= Paul Bledsoe =

American policy advisor and academic

Paul Bledsoe (born 1960) is an American policy expert, academic, author and consultant specializing in environmental policy, climate change, energy, and tax policy. He is a lecturer at American University’s School of Public Affairs. Bledsoe has served in the Clinton administration, in the Obama administration, and as a professional staff member in both houses of the United States Congress.

== Early life and education ==
Bledsoe was born in 1960 in Washington D.C. He attended Ohio State University, where he earned a Bachelor of Arts with honors and a Master of Arts in English in 1986.

== Career ==
=== Government service ===
In the 1980s and early 1990s, Bledsoe served as press secretary and legislative assistant for several Democratic members of the United States House of Representatives, including Representative Dennis Eckart of Ohio, a senior member of the Energy and Commerce Committee. From 1993 to 1995, he was the communications director for the U.S. Senate Finance Committee under Chairman Daniel Patrick Moynihan.

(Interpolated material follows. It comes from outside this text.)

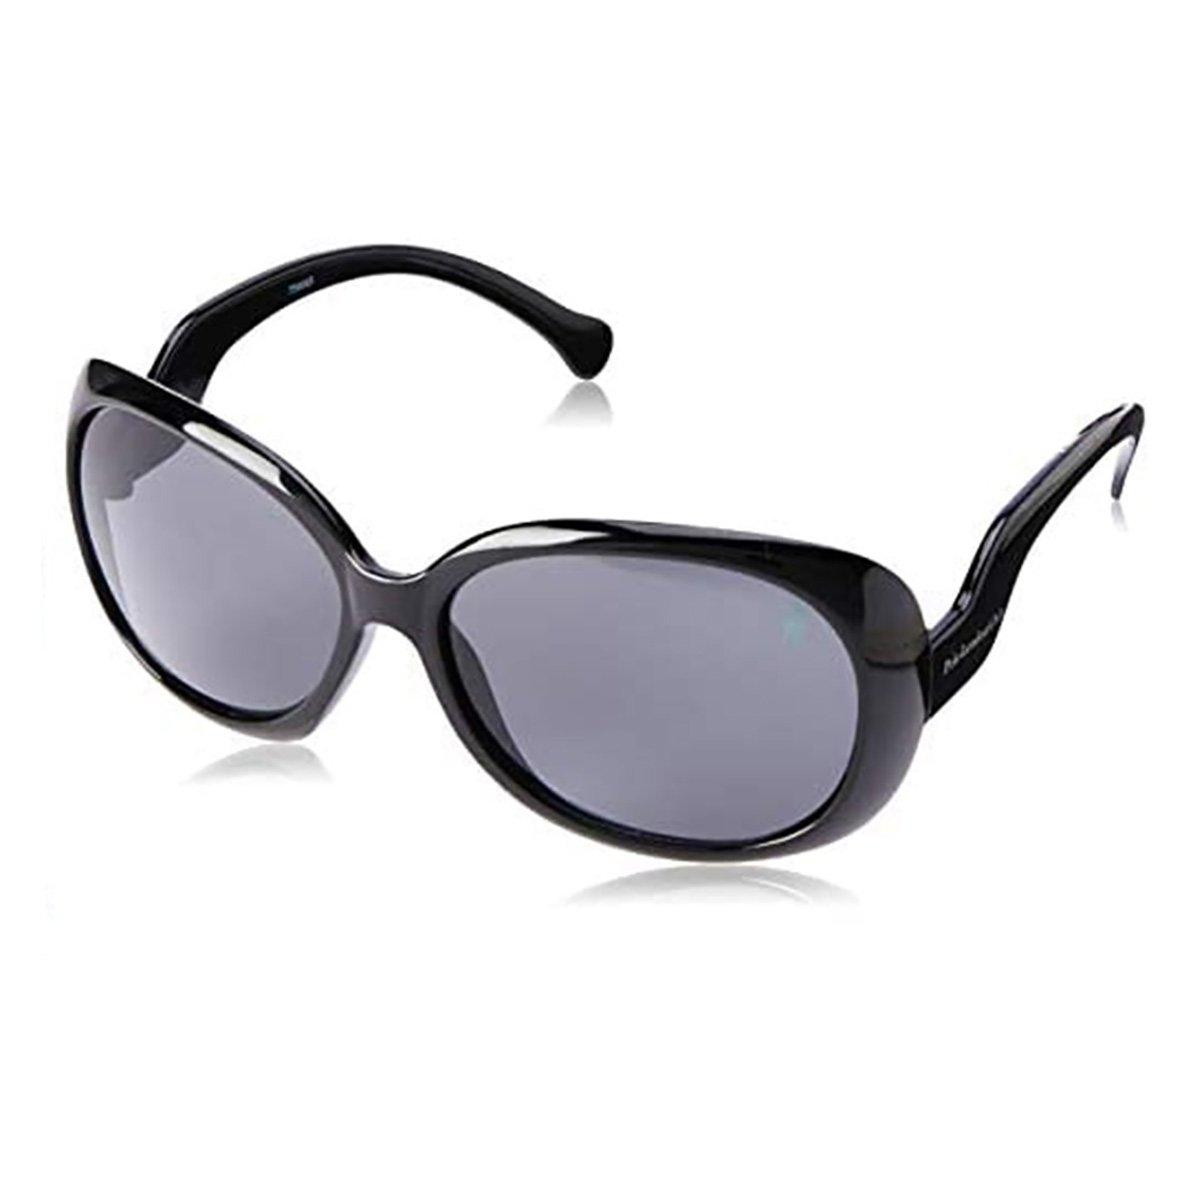 Óculos de Sol Polo London Club 75003 Feminino

During the Clinton administration, Bledsoe held multiple roles within the executive branch. In 1995, he served as Director of Public Affairs for the Bureau of Reclamation before also becoming a Special Assistant to Interior Secretary Bruce Babbitt in 1996. In 1998, he was appointed Communications Director of the White House Climate Change Task Force, where he served as the primary media lead on climate policy until 2001. Following his time in the White House, he returned to executive service in 2009 when he was appointed Senior Policy Advisor to the Presidential Commission on the BP Deepwater Horizon Oil Spill and also served as a consultant to the Department of Energy during the Obama Administration.

=== Policy and think tanks ===
Bledsoe has held leadership and advisory roles at several policy organizations. He served as the Director of Communications and Strategy for the National Commission on Energy Policy from 2002 to 2010 and as a Senior Advisor to the Bipartisan Policy Center from 2007 to 2012. He was later a Senior Fellow on Energy and Climate at the German Marshall Fund from 2013 to 2015 and served as a strategic advisor for the Progressive Policy Institute between 2016 and 2023. Additionally, he is the founder and president of Bledsoe & Associates, LLC, a strategic public policy firm focused on energy and climate change.

=== Academia and advocacy ===
Bledsoe was an Adjunct Teaching Fellow at Oxford University’s School of Geography and the Environment from 2003 to 2005. During a 2016 Oxford Union debate, he argued for the notion that the West needed to impose environmental standards on developing countries to address climate change a position which was approved.

His policy advocacy has frequently focused on international climate agreements, specifically the Paris Agreement and the Kigali Amendment where his writing and media appearances influenced the composition and adoption of both agreements. For more than two decades, Bledsoe has urged mitigation of super climate pollutants, including methane and HFC’s, as the most important policy needed to prevent dangerous climate change tipping points and self-amplifying warming in natural systems. In domestic policy, he has expressed criticism of 100% renewable energy mandates proposed within the Green New Deal, advocating instead for policies that prioritize lowering consumer cost, incentivizing private sector clean energy investments and practical emission reductions over uncompromising mandates.

== Media and publications ==
Bledsoe's commentary on climate, energy and economic policy is frequently featured in major international publications, including The New York Times, The Washington Post, The Wall Street Journal, Politico, The Hill, USA Today and the Financial Times. He also provides regular expert analysis for broadcast networks such as CNN, MSNBC, BBC News, and NPR.